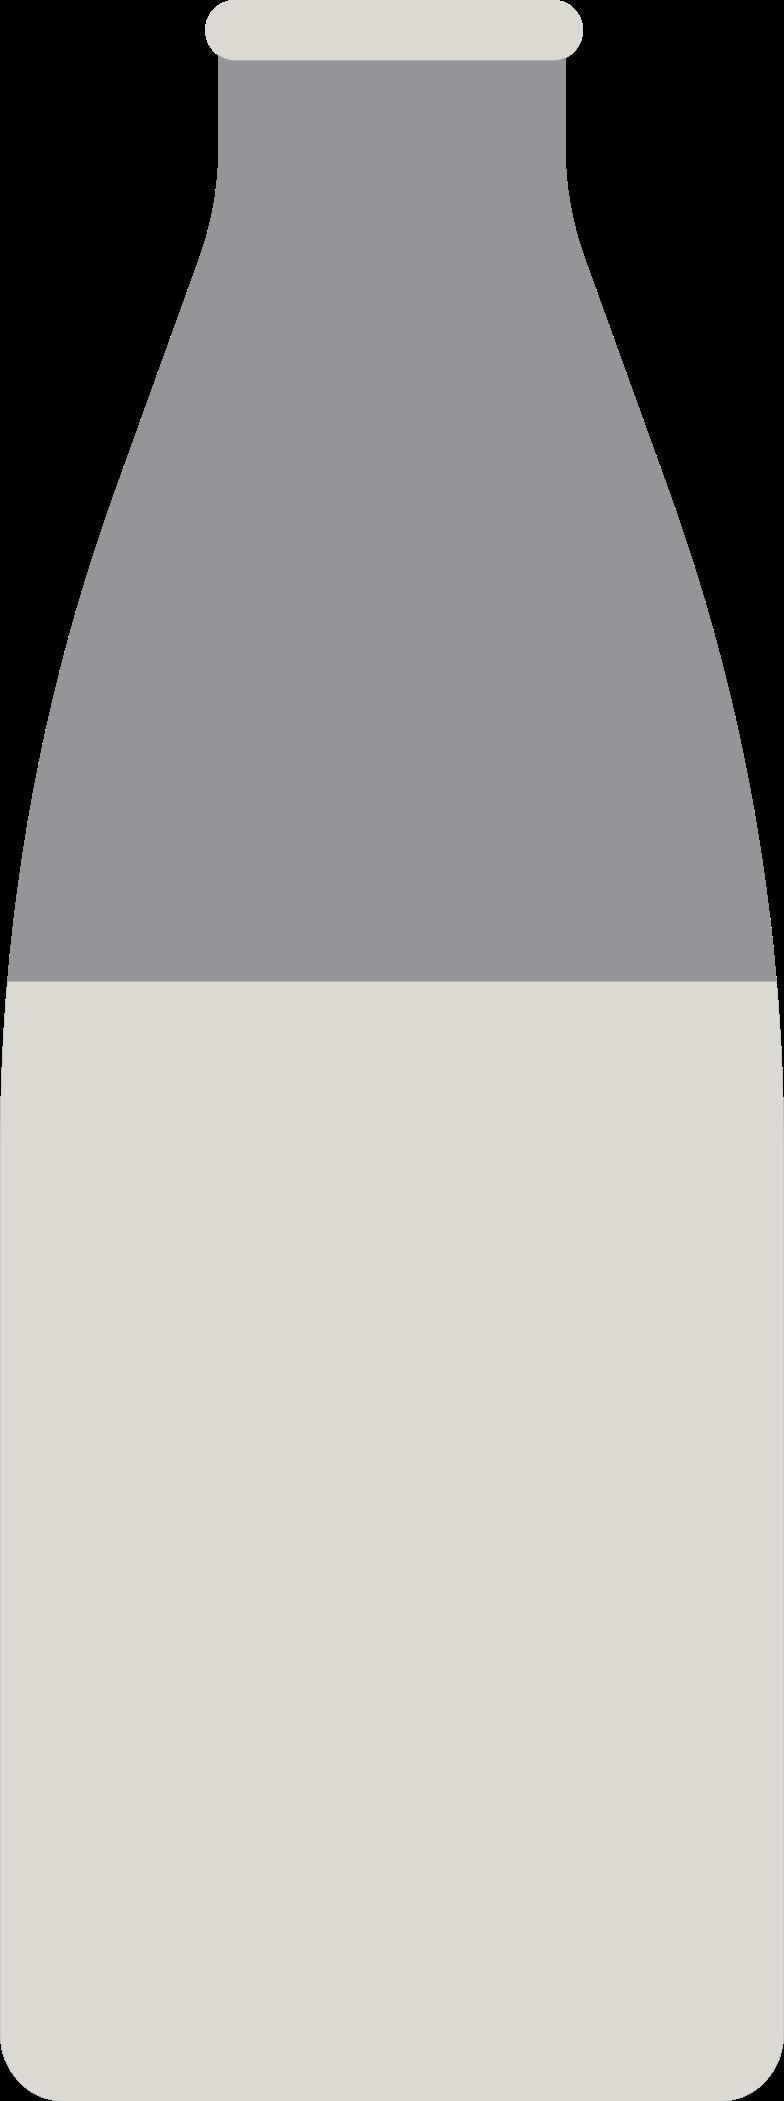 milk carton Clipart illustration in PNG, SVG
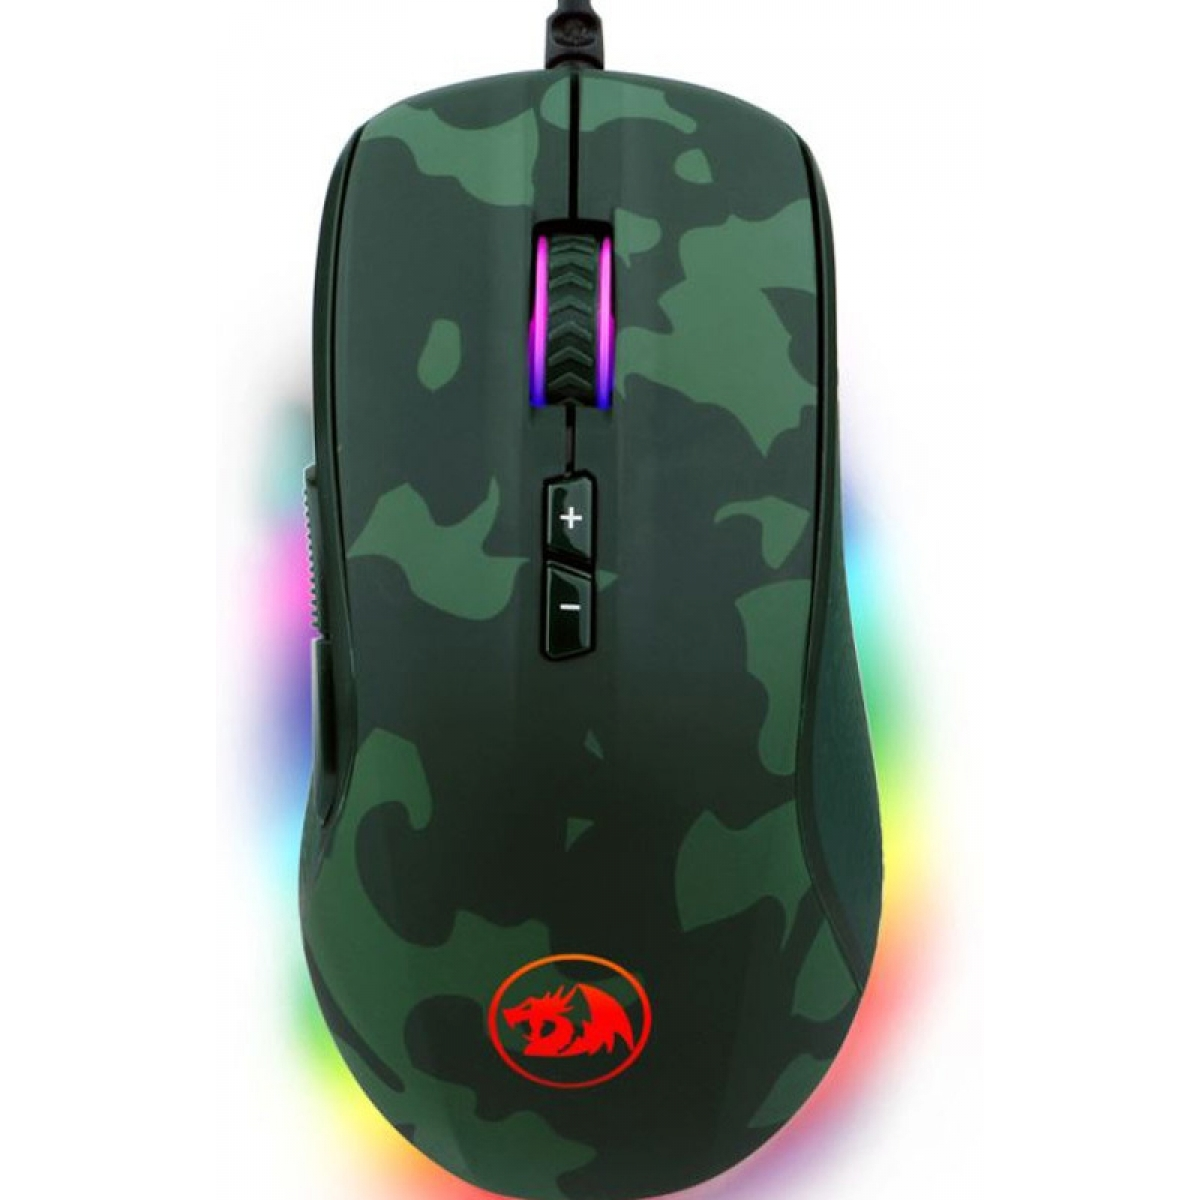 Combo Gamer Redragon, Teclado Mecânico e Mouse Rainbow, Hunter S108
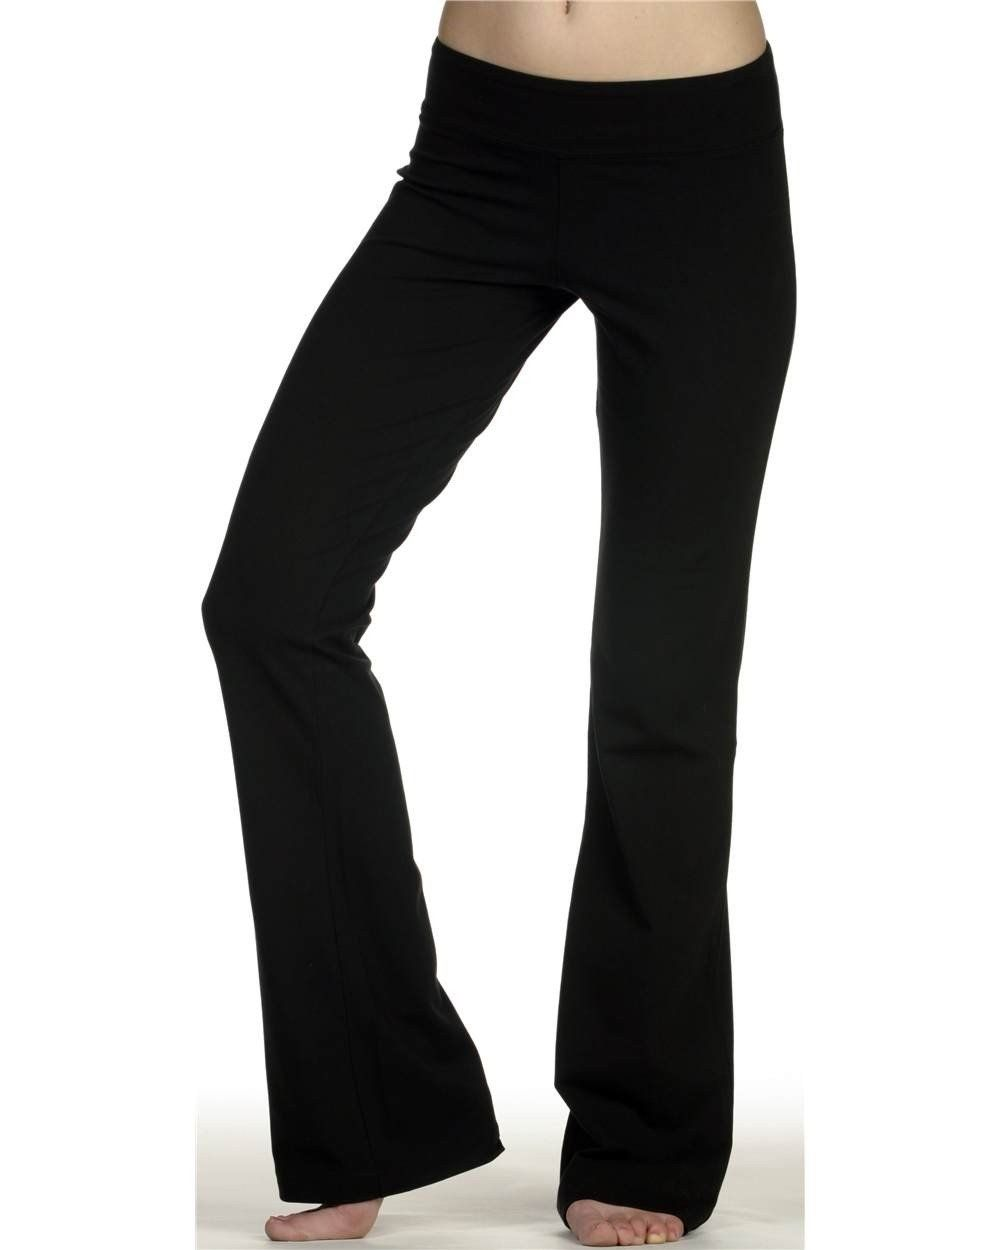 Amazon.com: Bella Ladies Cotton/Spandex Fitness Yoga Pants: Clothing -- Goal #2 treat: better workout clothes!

▶ **TASK STATEMENT**
Could you please return each line of the material exactly, dropping the pictures?

▶ **TASK OUTPUT**
 milk carton Clipart illustration in PNG, SVG
 Combo Gamer Redragon, Teclado Mecânico e Mouse Rainbow, Hunter S108
 Amazon.com: Bella Ladies Cotton/Spandex Fitness Yoga Pants: Clothing -- Goal #2 treat: better workout clothes!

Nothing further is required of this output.